* **WHAT TO DO**
Write the records out again exactly, but without pictures.

[Stored data entries]
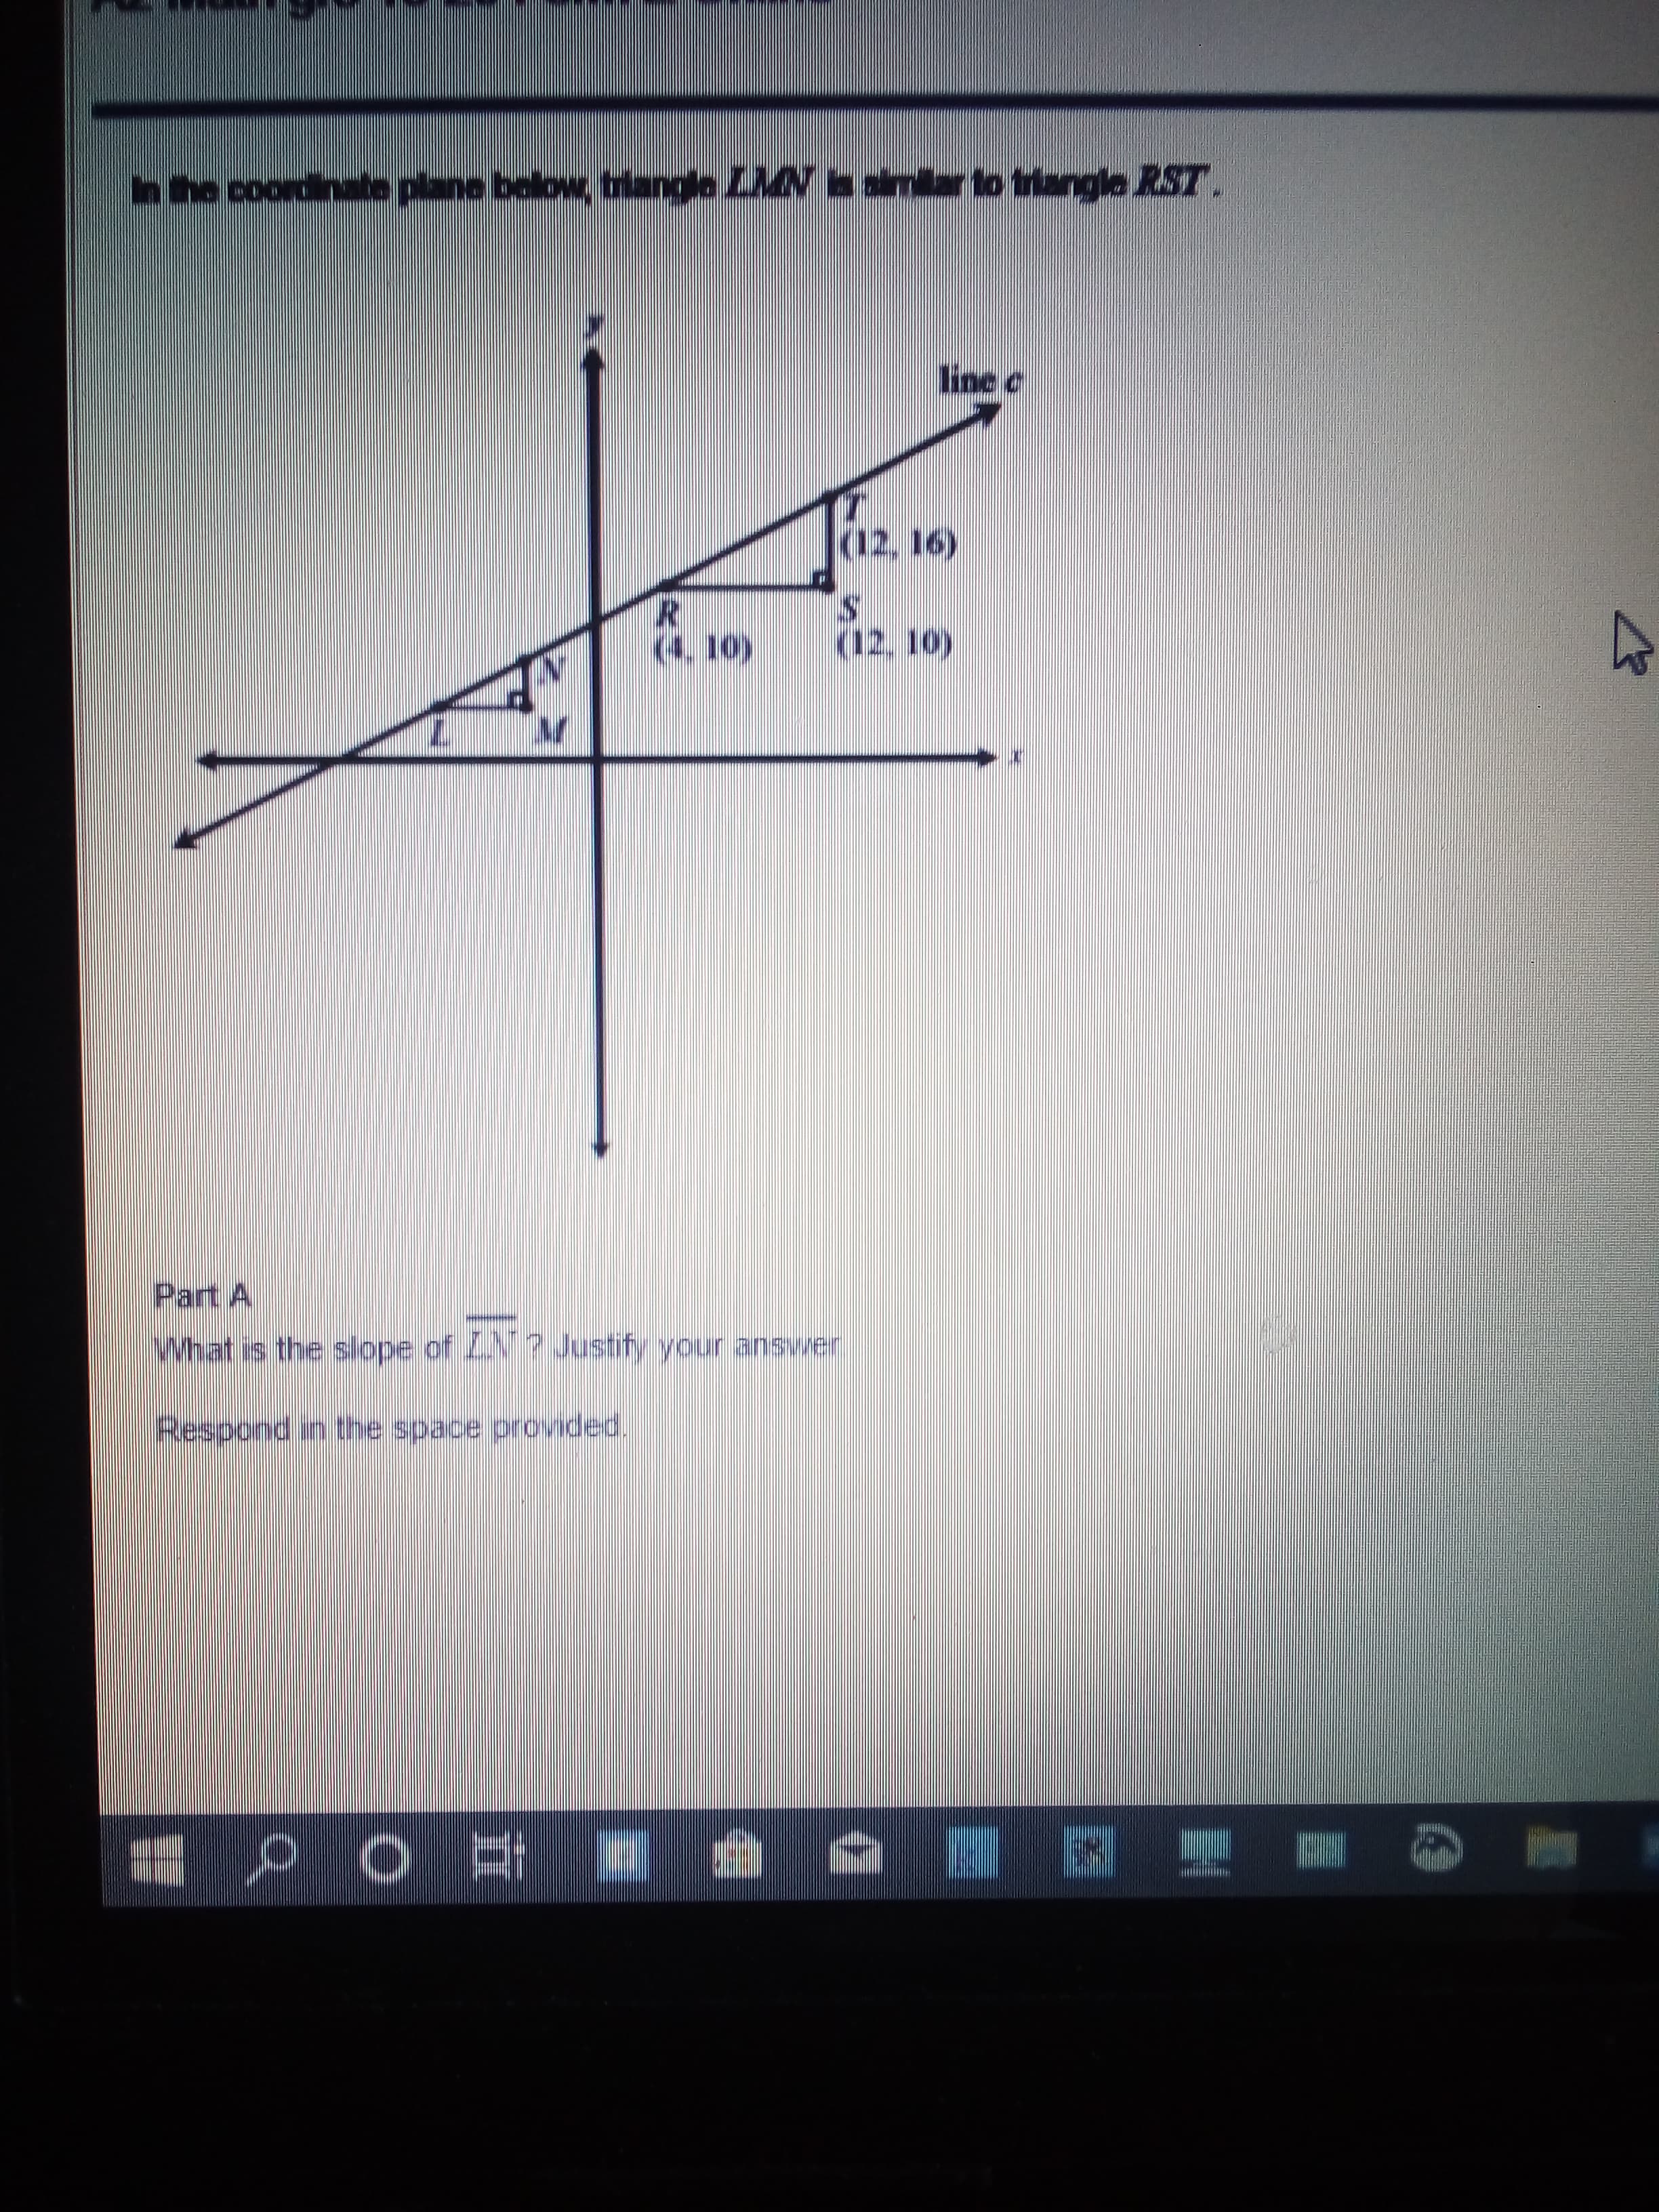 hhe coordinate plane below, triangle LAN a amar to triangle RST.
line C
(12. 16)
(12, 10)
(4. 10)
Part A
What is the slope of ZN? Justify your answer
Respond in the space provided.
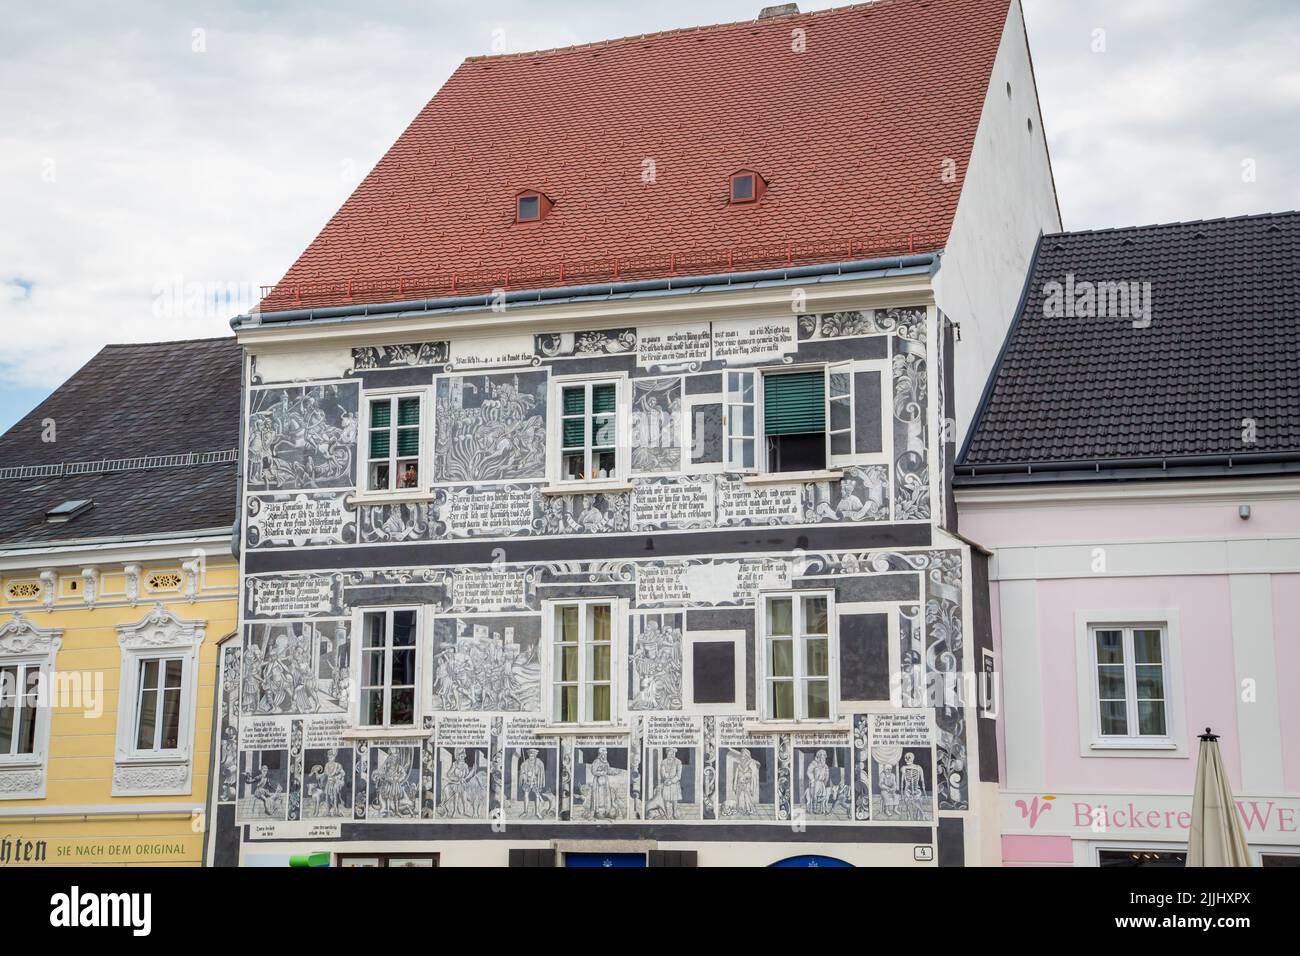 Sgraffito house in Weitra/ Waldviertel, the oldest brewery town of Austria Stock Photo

* **RESPONSE TO THIS TASK**
 hhe coordinate plane below, triangle LAN a amar to triangle RST.
line C
(12. 16)
(12, 10)
(4. 10)
Part A
What is the slope of ZN? Justify your answer
Respond in the space provided.
 Sgraffito house in Weitra/ Waldviertel, the oldest brewery town of Austria Stock Photo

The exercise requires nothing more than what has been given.